- _Material provided_
┌──

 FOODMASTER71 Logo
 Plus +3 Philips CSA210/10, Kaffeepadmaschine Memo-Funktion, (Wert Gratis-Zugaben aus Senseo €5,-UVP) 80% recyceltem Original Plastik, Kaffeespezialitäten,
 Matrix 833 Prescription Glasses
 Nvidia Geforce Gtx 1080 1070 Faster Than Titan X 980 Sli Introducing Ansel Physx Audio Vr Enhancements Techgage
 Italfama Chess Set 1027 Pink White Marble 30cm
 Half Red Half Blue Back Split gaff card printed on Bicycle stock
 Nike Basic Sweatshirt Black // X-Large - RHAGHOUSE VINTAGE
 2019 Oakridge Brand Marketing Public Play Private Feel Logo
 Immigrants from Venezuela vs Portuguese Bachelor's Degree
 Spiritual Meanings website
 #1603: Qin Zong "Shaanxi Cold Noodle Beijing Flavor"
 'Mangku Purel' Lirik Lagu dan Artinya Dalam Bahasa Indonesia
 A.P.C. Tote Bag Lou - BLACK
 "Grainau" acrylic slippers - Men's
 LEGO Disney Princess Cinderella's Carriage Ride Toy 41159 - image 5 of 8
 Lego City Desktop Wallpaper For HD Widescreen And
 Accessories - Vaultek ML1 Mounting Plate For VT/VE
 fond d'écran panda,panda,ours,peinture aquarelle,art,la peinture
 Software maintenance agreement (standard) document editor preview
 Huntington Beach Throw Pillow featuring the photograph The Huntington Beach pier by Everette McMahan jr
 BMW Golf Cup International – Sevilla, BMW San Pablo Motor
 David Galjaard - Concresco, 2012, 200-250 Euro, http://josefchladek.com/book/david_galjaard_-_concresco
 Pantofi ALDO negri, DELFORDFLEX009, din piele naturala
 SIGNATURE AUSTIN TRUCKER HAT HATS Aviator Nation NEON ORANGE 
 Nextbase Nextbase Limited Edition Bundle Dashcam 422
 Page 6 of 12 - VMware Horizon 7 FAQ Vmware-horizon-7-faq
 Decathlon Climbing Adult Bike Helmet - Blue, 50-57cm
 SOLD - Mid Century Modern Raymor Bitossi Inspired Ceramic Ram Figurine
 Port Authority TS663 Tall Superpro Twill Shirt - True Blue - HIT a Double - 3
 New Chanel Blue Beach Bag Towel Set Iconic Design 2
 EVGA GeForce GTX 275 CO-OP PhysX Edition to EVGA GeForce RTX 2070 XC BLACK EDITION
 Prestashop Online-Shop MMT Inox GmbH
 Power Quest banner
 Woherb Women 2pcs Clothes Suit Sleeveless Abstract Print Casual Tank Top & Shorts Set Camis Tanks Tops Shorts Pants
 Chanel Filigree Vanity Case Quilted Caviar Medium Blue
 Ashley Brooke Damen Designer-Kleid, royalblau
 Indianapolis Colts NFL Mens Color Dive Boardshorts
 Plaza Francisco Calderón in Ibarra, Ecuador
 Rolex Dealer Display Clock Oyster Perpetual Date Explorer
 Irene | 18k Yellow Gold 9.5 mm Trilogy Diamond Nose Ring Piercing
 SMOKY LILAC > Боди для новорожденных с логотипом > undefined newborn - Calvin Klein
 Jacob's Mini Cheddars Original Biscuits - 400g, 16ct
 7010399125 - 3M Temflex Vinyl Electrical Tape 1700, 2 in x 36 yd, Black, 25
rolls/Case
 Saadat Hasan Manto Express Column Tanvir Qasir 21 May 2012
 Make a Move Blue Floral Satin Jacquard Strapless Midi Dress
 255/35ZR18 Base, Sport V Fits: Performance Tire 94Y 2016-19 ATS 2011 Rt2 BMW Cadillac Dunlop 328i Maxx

└──

- _Work to be completed_
Scan the records above and report every line with the string "Beach".

- _Answer to this problem_
 Huntington Beach Throw Pillow featuring the photograph The Huntington Beach pier by Everette McMahan jr
 New Chanel Blue Beach Bag Towel Set Iconic Design 2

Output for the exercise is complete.